● **What is being asked**
Print the entire listing below word for word, excluding its pictures.

● **Data extract**
++++++++++++++++++++

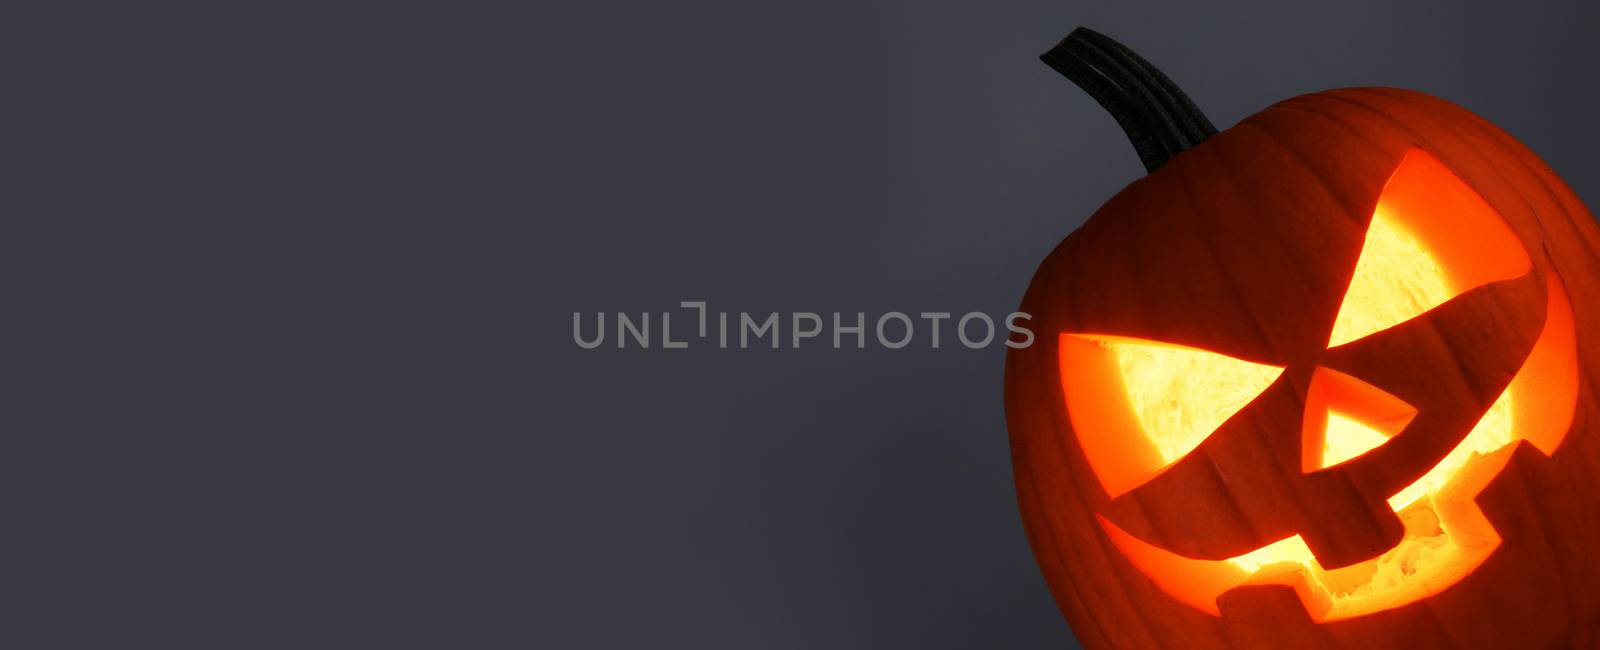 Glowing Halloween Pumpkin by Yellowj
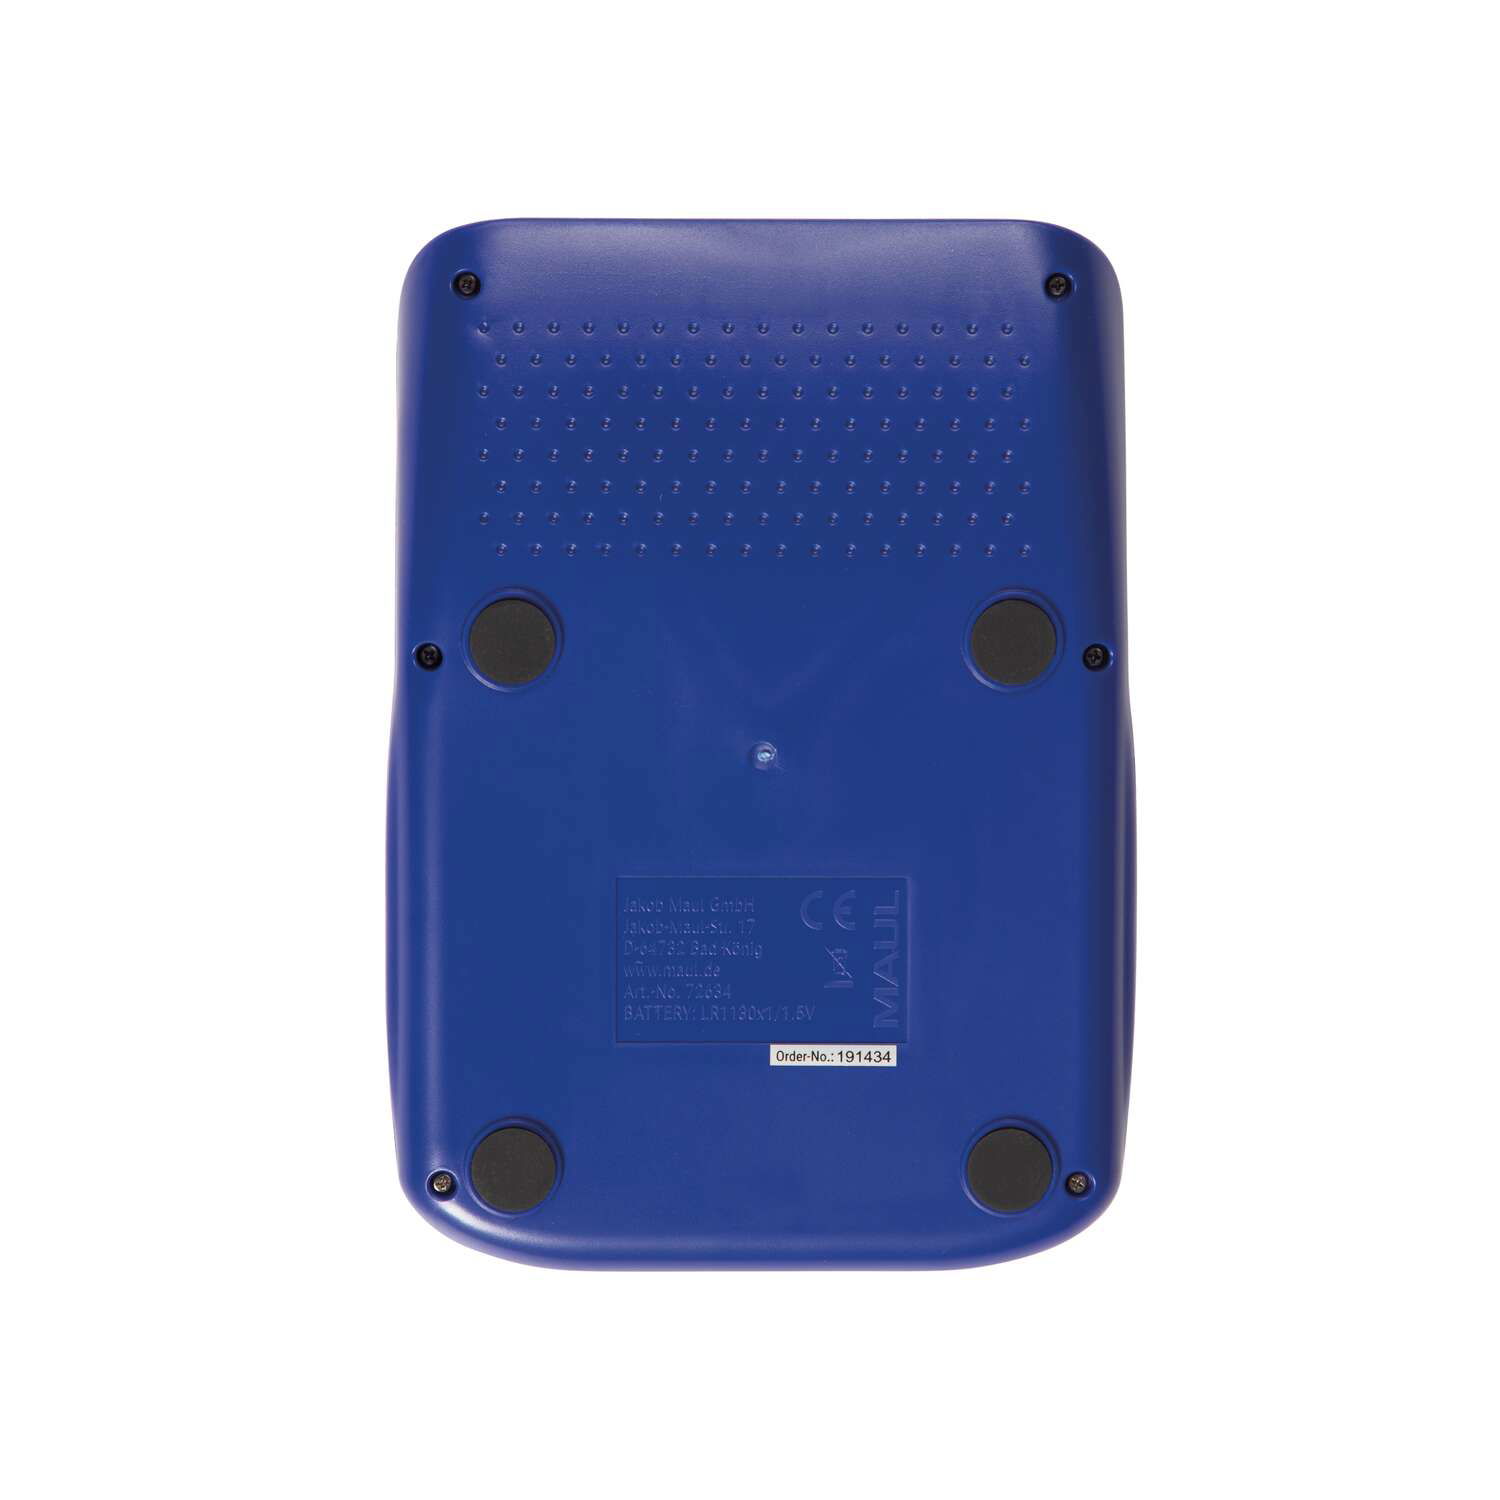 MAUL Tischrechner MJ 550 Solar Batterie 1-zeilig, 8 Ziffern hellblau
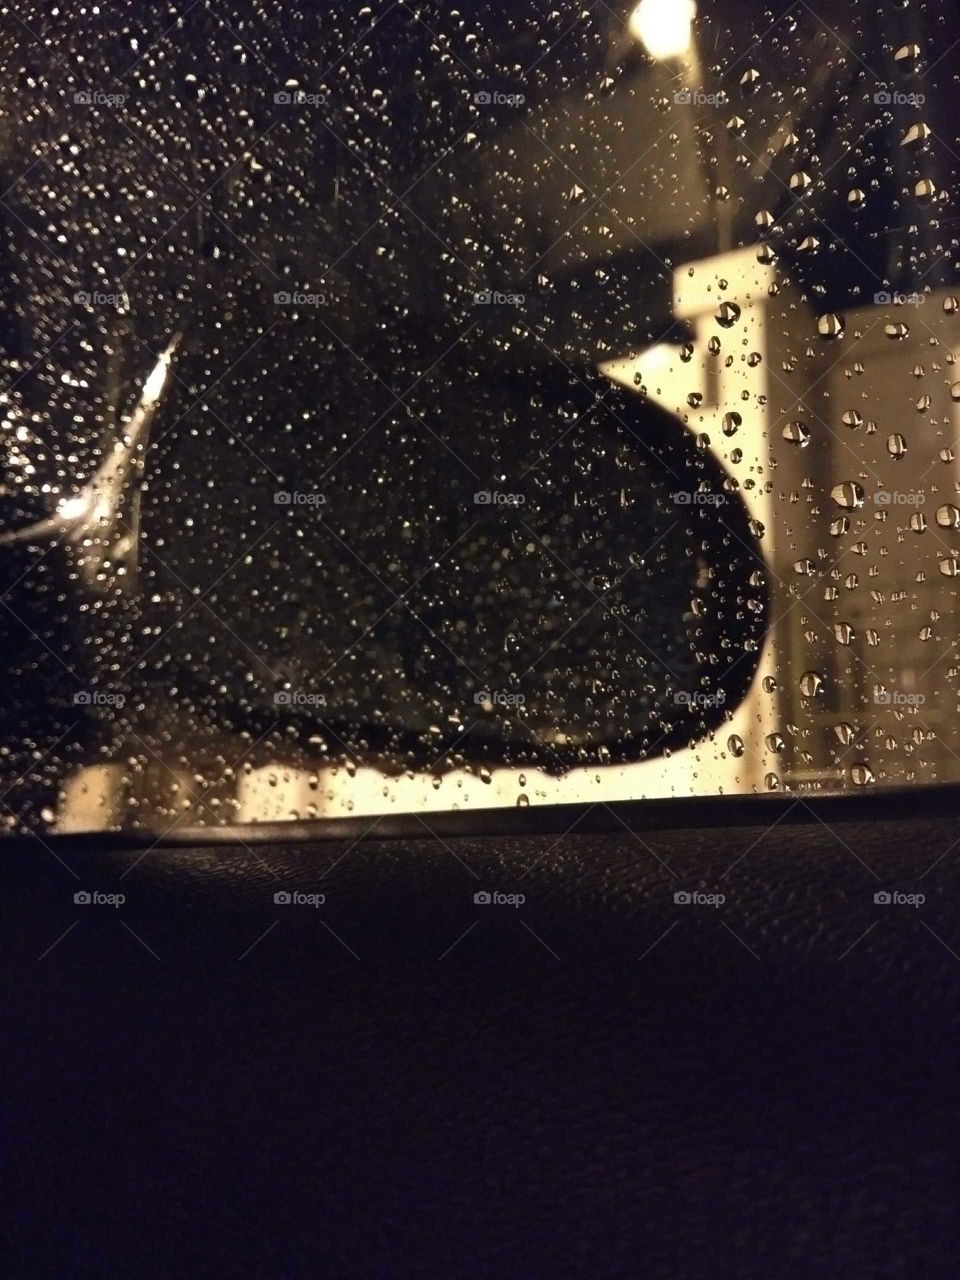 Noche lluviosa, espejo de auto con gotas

++++++++++++++++++++

● **Solution for this exercise**
 Glowing Halloween Pumpkin by Yellowj
 MAUL Tischrechner MJ 550 Solar Batterie 1-zeilig, 8 Ziffern hellblau
 Noche lluviosa, espejo de auto con gotas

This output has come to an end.